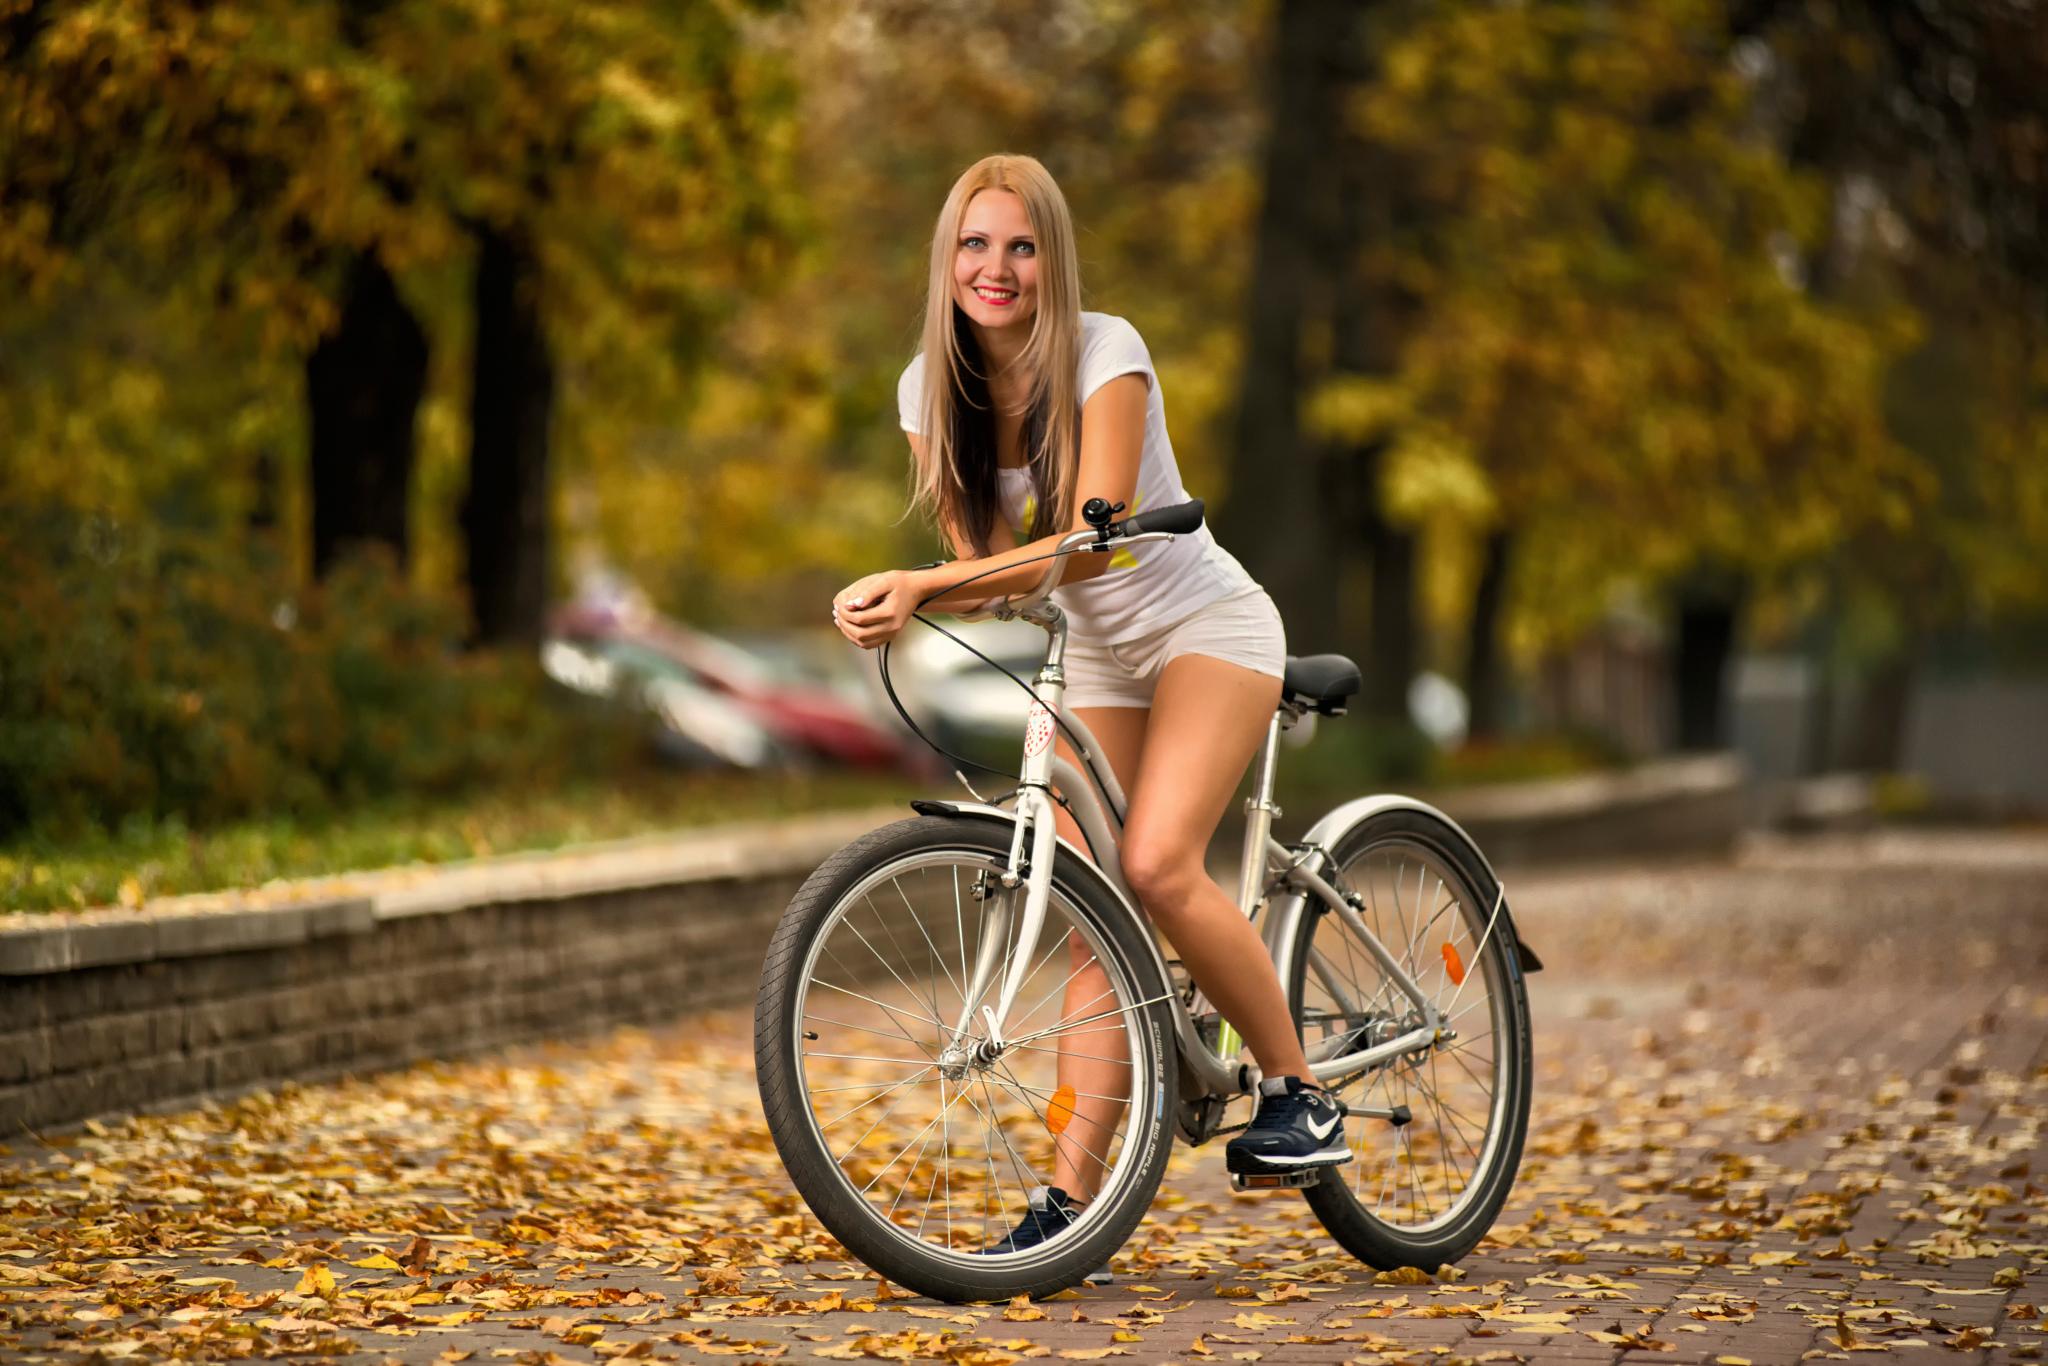 Идеи фото на велосипеде девушки
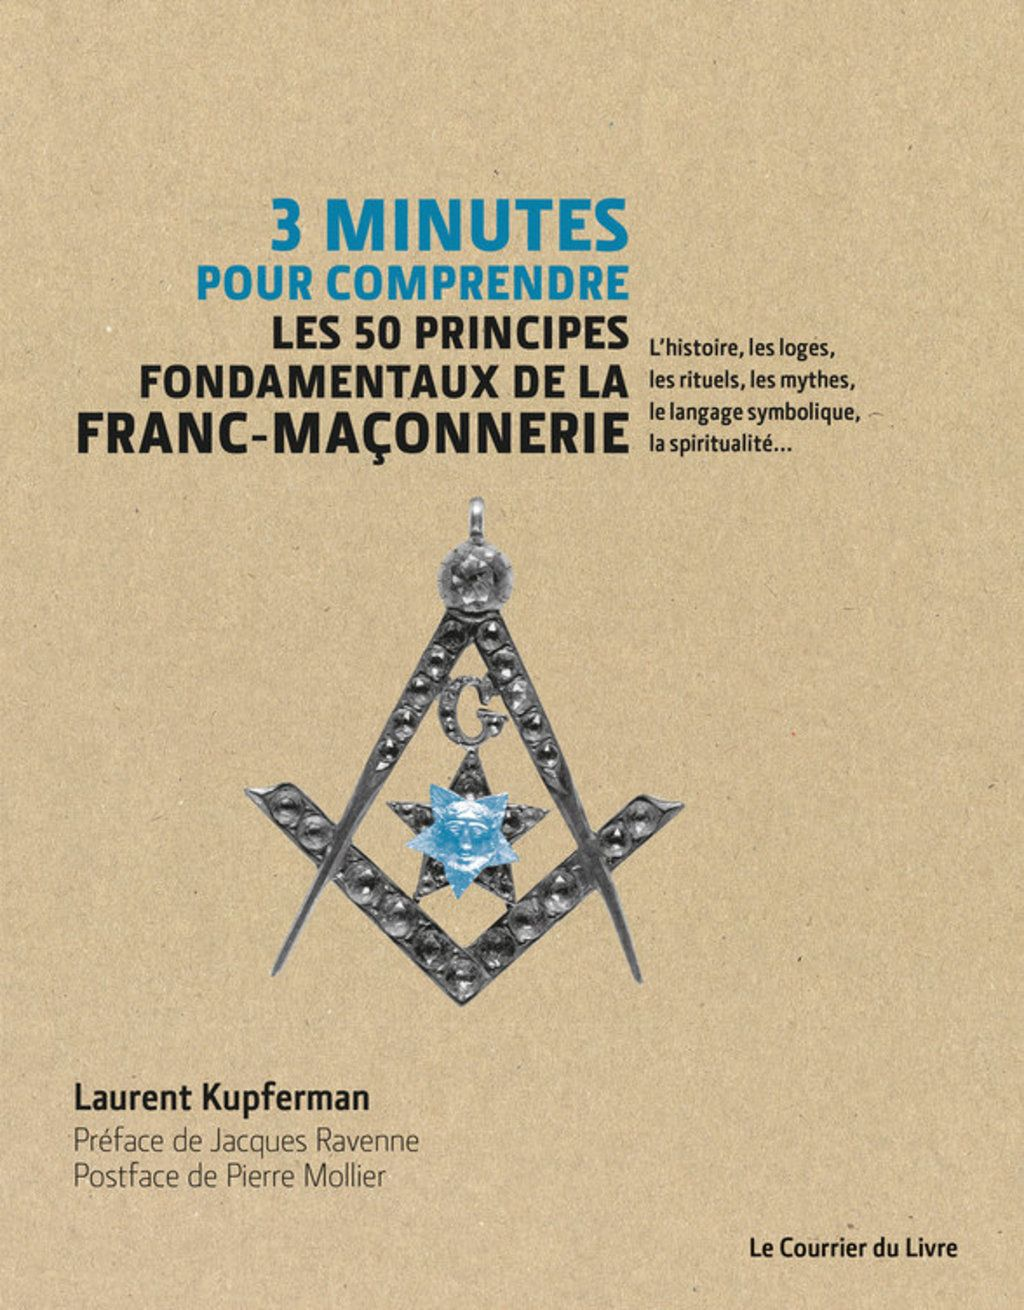 3 Minutes Pour Comprendre Les 50 Principes Fondamentaux De La Franc Maconnerie Ebook Books Reading Children Book Cover
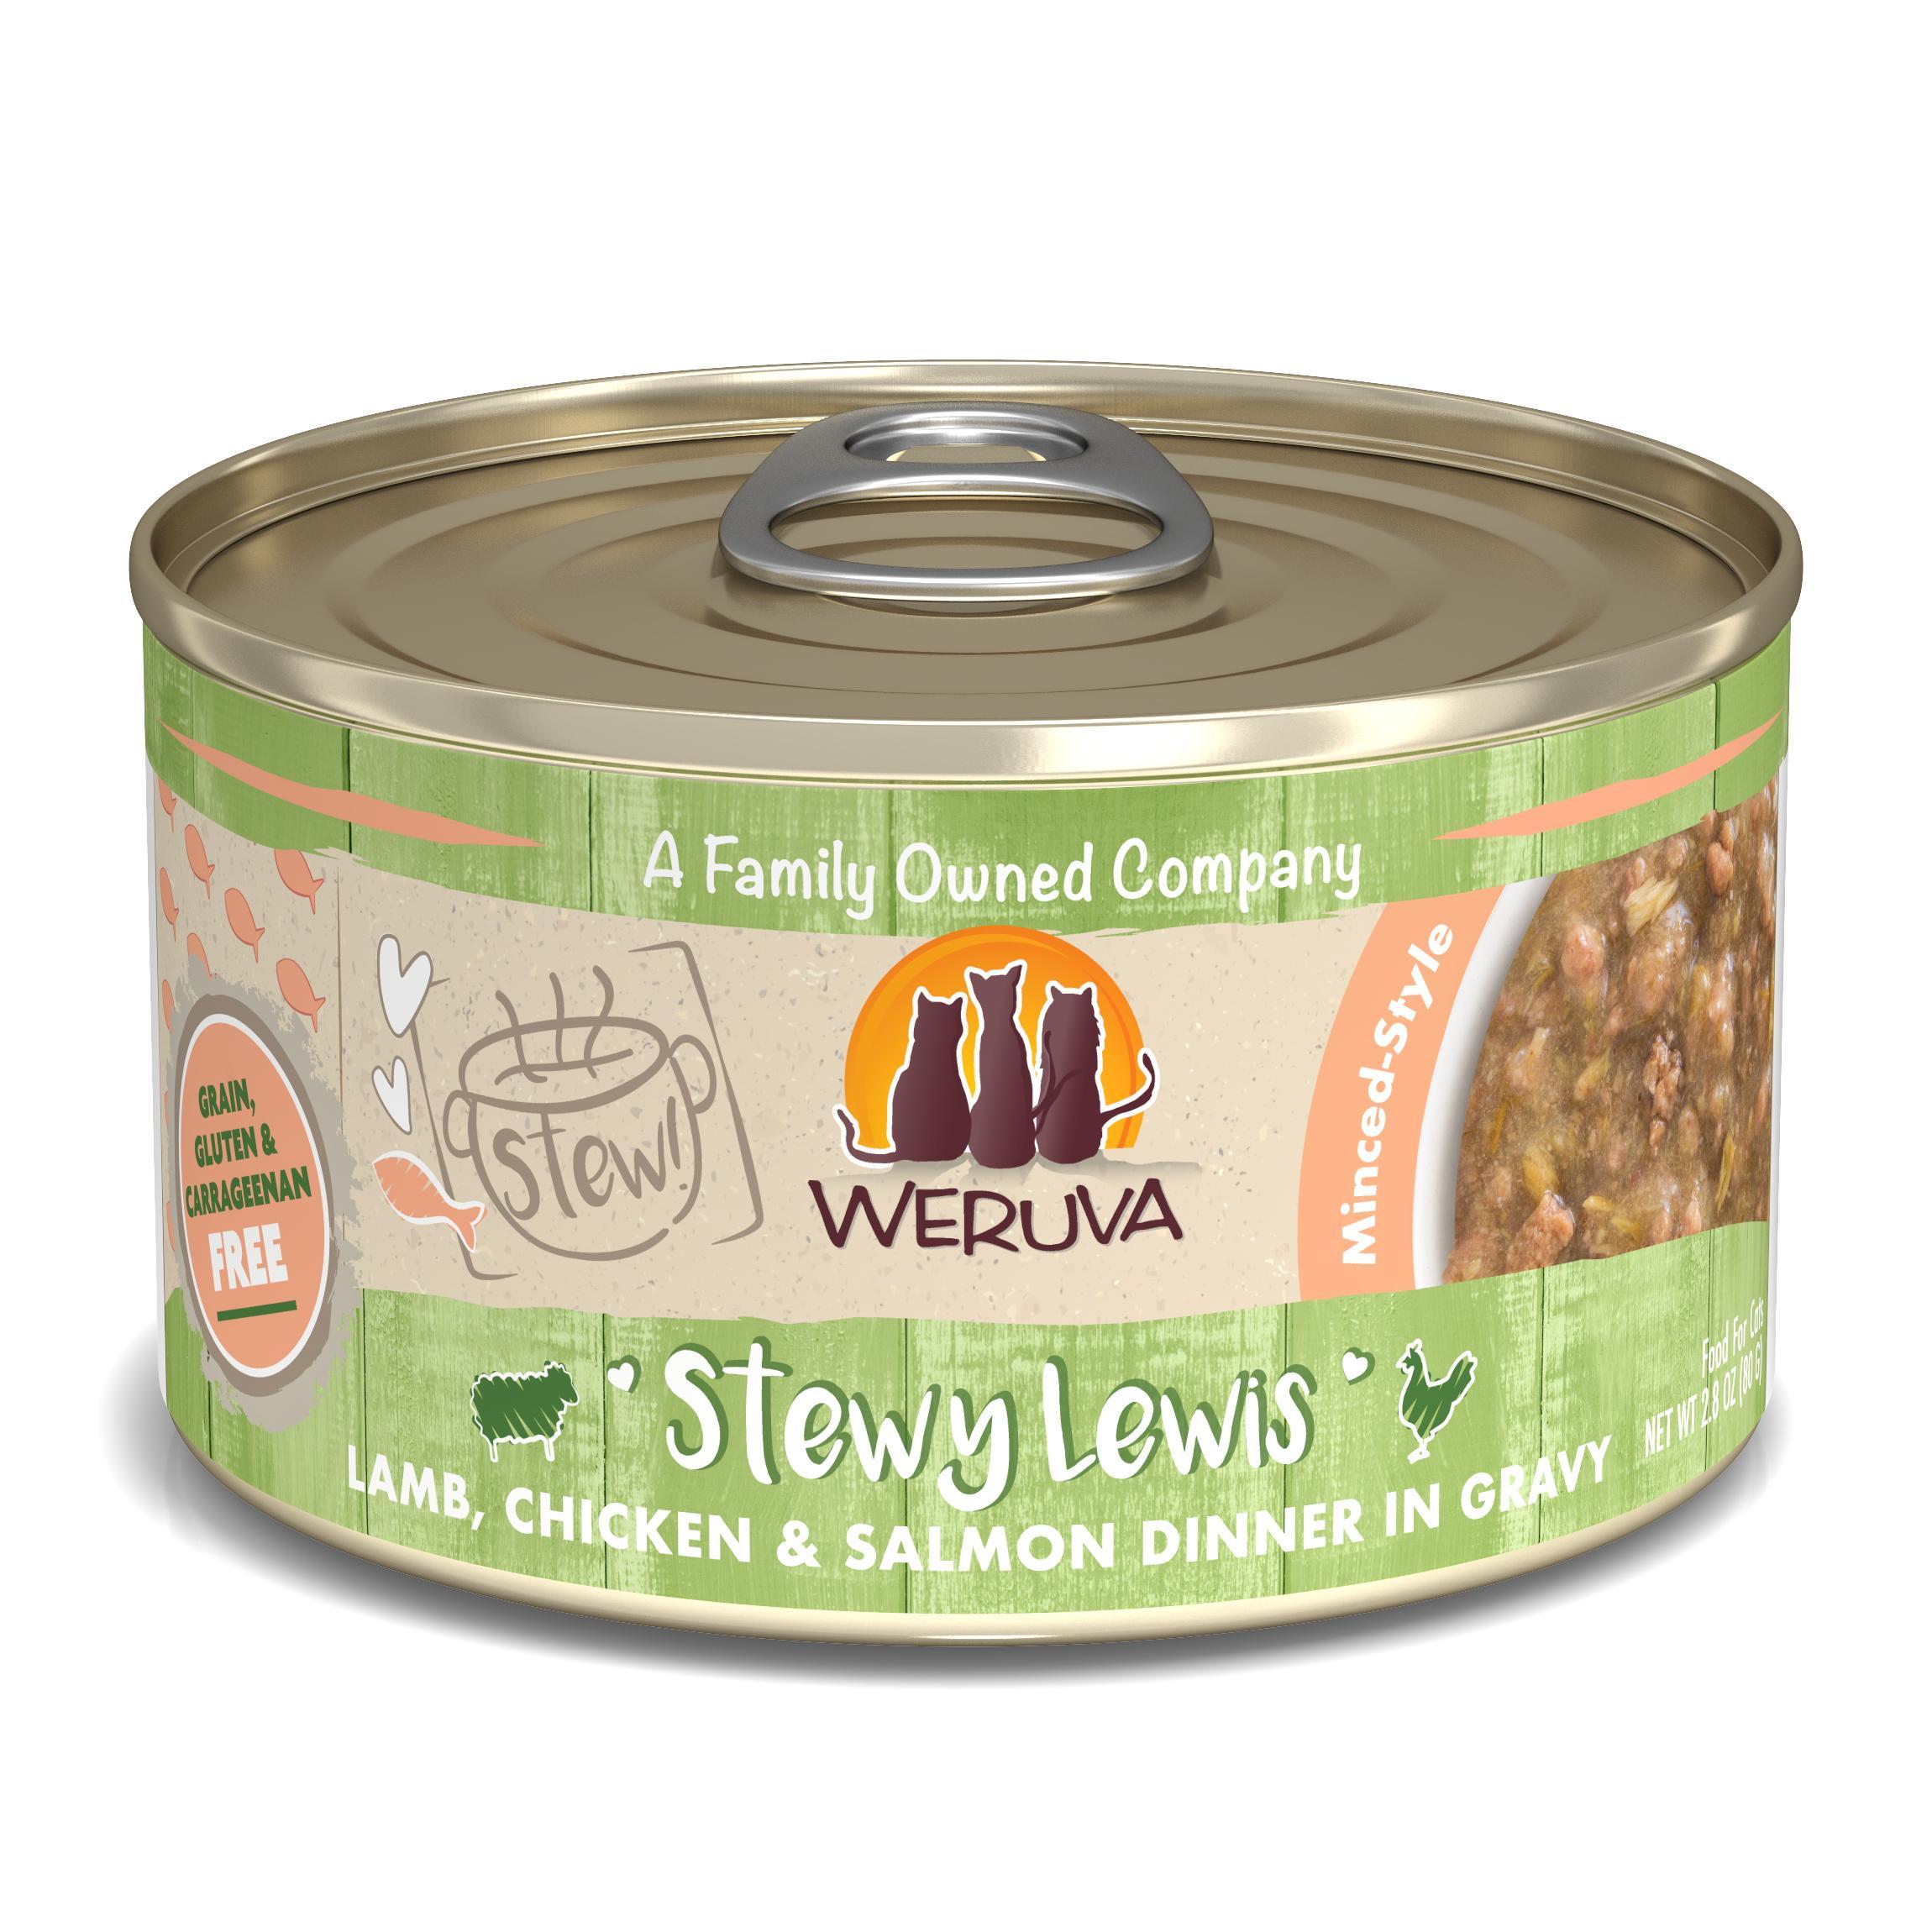 Weruva Cat Stew! Stewy Lewis Lamb, Chicken & Salmon Dinner in Gravy Wet Cat Food Image
::::::::::
**EXERCISE GOAL**.
Without including any images, output the data exactly as given.

**SOLVED EXERCISE**.
 Идеи фото на велосипеде девушки
 3 Minutes Pour Comprendre Les 50 Principes Fondamentaux De La Franc Maconnerie Ebook Books Reading Children Book Cover
 Weruva Cat Stew! Stewy Lewis Lamb, Chicken & Salmon Dinner in Gravy Wet Cat Food Image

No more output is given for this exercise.